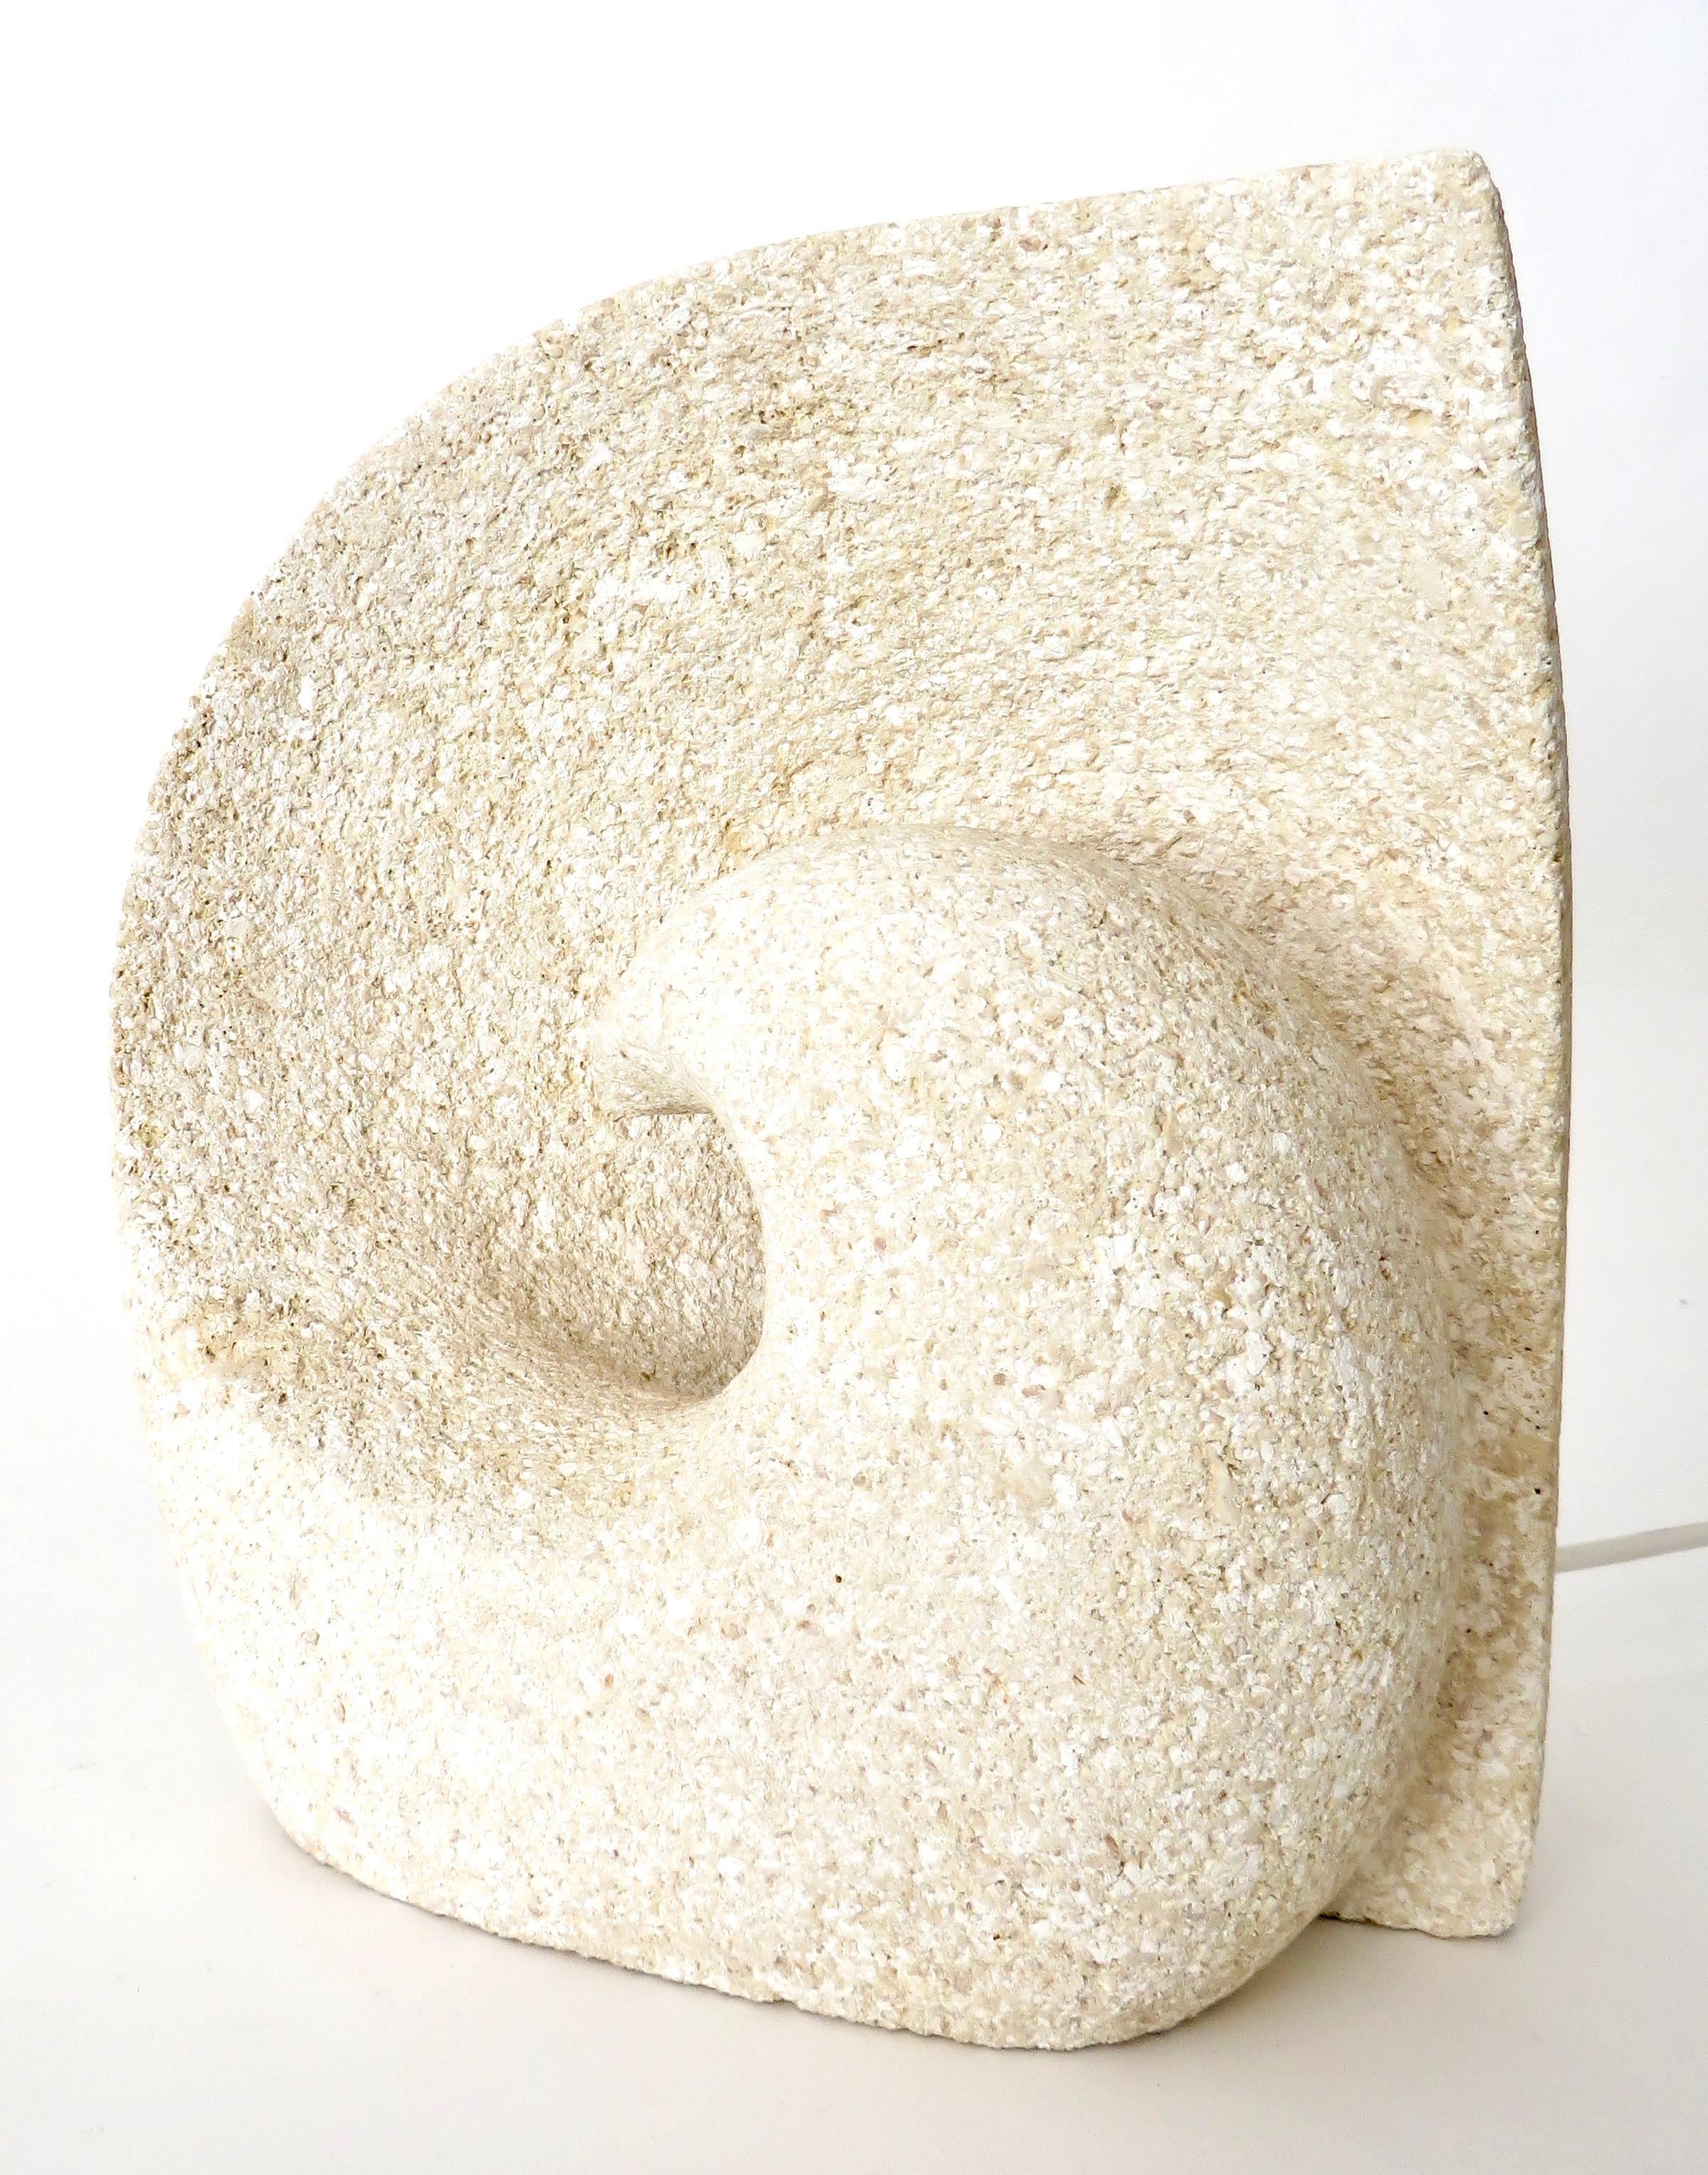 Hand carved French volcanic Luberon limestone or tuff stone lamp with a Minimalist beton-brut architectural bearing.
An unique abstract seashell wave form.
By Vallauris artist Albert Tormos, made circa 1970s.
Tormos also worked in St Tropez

- _WORK REQUIRED_
Nothing but the lines from the one containing "An unique abstract seashell wave form." through the last line of the material should be returned, each exactly as written, both ends included.

- _ANSWER TO THIS EXERCISE_
An unique abstract seashell wave form.
By Vallauris artist Albert Tormos, made circa 1970s.
Tormos also worked in St Tropez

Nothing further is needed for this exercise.